# Got my diesel!



## RobertCDF (Aug 18, 2005)

Well I finally got my diesel. I got a 99 Ford F-250 with the 7.3L diesel. 6 speed tranny and only 140,000 miles on it. I have been needing a little newer/better truck to pull my 6x12 enclosed trailer... Think I went over board?? :thumbsup: But I hope to get a 5th wheel in the next 2 years, so it will come in handy then. I will try to get some pics of it up here tomorrow.


----------



## scottstef (Dec 15, 2005)

Cool!


----------



## RussellF (Aug 22, 2006)

I have a 2000 Ford F-250 that has 115k on it.........I pull my 6'x12' with it too...........


----------



## Mrmac204 (Dec 27, 2006)

I had a situation a few years back, truck broke down way out in the weeds- tow truck came- he had a 7 something diesel in it- holy crap did that thing haul!!! we got home in less than an hour - 60 miles, 15 thru the city.... I think you'll be happy with the power..


----------



## Bone Saw (Feb 13, 2006)

diesel's the way to go:thumbsup:


----------



## Mike Finley (Apr 28, 2004)

Sweetness!

Where are da pics?

You should be able to pull your old truck and your trailer with that rig!


----------



## PipeGuy (Oct 8, 2004)

Around here all the fat-cats buy F-350 duallies. Personally, I think the dual-wheel scene is a joke unless you have some absolutely crazy loads to haul on a trailer with no brakes.
I finally saw a guy the other day pulling a big trailer with just a standard axle F-250 diesel and a 5th wheel hitch. He was rollin' down the highway at about 60 MPH without a care in the world.


----------



## tgeb (Feb 9, 2006)

I have a 99 F350, single rear wheels, with the 7.3 in it, bought new in 98 and have used it extensively.
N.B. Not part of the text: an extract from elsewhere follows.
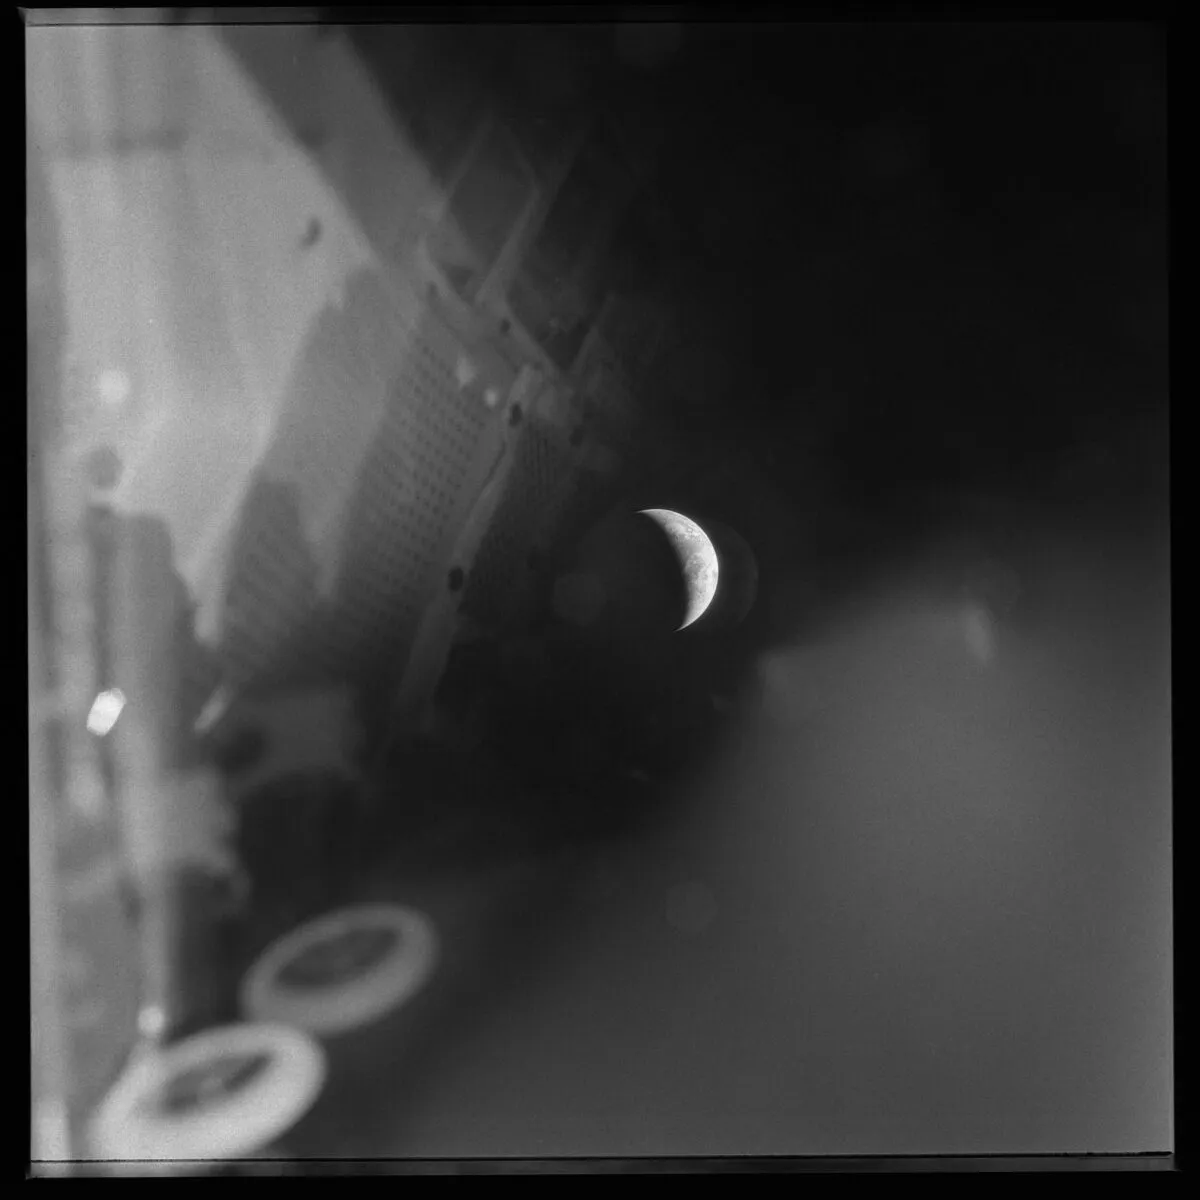 A crescent Earth surrounded by reflections of the Lunar Module during Apollo 13. The Lunar Module became the Apollo 13 astronauts' only hope of survival once the Command Module lost power. This image was captured 3 days after the explosion on 17 April 1970. Home must have seemed a very long way away. Credit: NASA / restored by Toby Ord
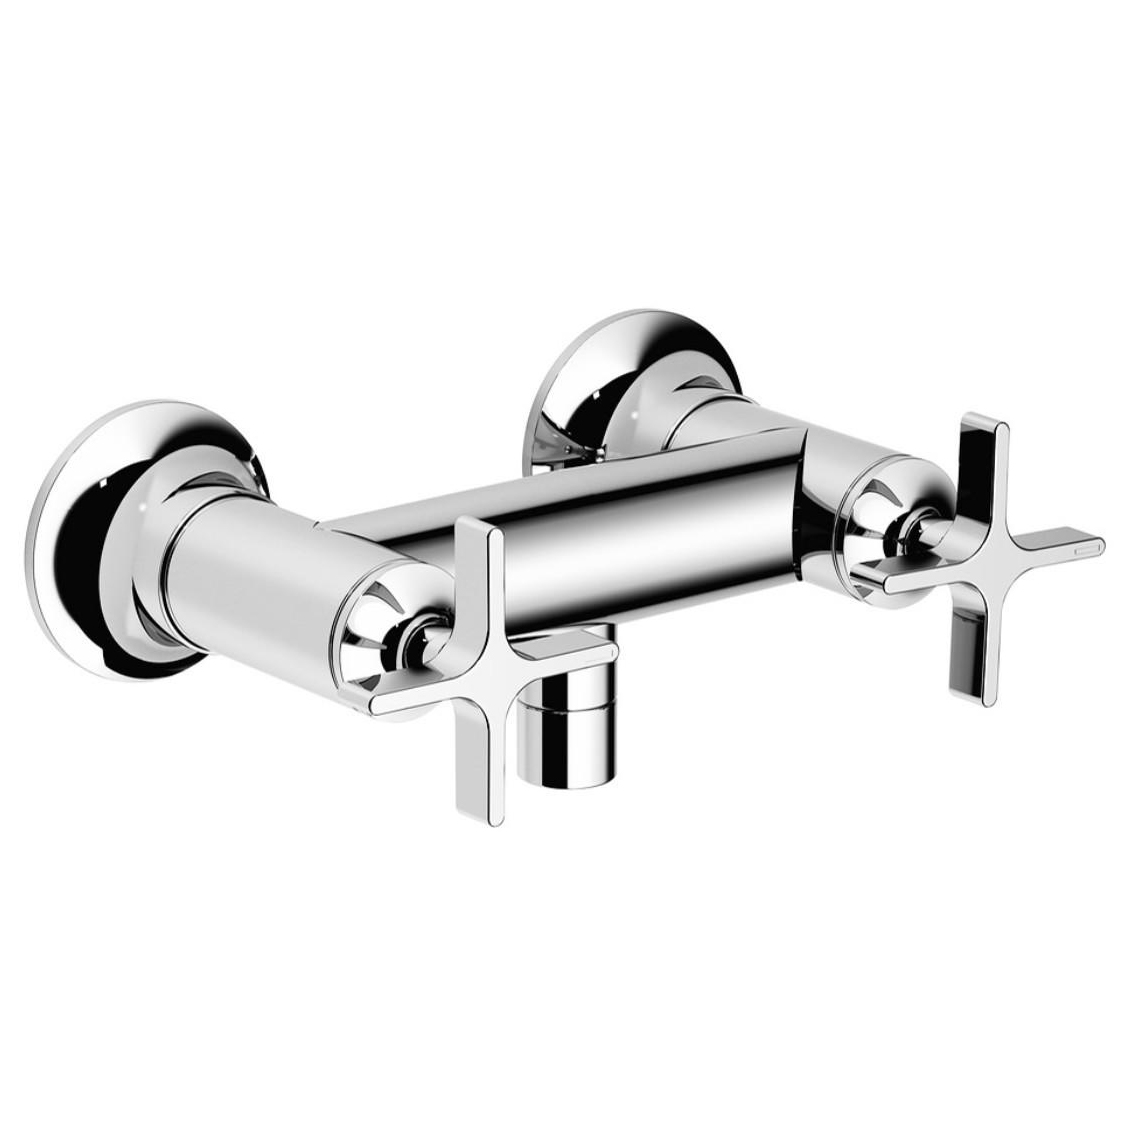 Vaia Shower Faucet Less Showerhead In Polished Chrome

You will have no problems pulling your 6 X 12 trailer, you'll likely forget it's back there. Not always a good thing.

Mine has about 135K miles on it and I pull a 7 ton trailer with a skid-loader on it, sometimes every day of the week. 

Other than pretty much routine maintenance, no problems in almost 9 years.:whistling


----------



## dshcontracting (Oct 15, 2006)

The 7.3 will last you a long time. I just got rid of my 95 and 01 7.3s and went to an 07 6.0. The 7.3 is the better motor. Keep your coolant checked, or changed to ELC, change your oil and filters regularly, and that truck will last you 300k.

Dan


----------



## dayexco (Mar 4, 2006)

dump a 60-75-90 hp chip in the 7.3, then you REALLY got a truck, we run ours at the 75 hp boost all the time. but our 7.3 isn't anything spectacular for mileage. we get approx. 15 mpg on the highway at 75, seems like if you keep it under 2k rpm....it will get close to 17


----------



## PipeGuy (Oct 8, 2004)

*Thoughts please*

One of our 6.0 liters keeps blowin' a "boost hose" (?) off the turbo. Sounds like a shotgun when it comes off. Any thoughts?


----------



## dayexco (Mar 4, 2006)

2 ply hose? inner ply seperating from outer, sucking shut?


----------



## tgeb (Feb 9, 2006)

When I have had any problems with my trucks I have consulted a forum similar to this one which was created by and for the Ford diesel truck owners. 

I have found answers to many issues, perhaps they can help you figure out what makes your truck go POW. Could be someones heavy foot!

Anyway here is a link to the Dieselstop. Used to be called Powerstroke.com but Ford made them change it.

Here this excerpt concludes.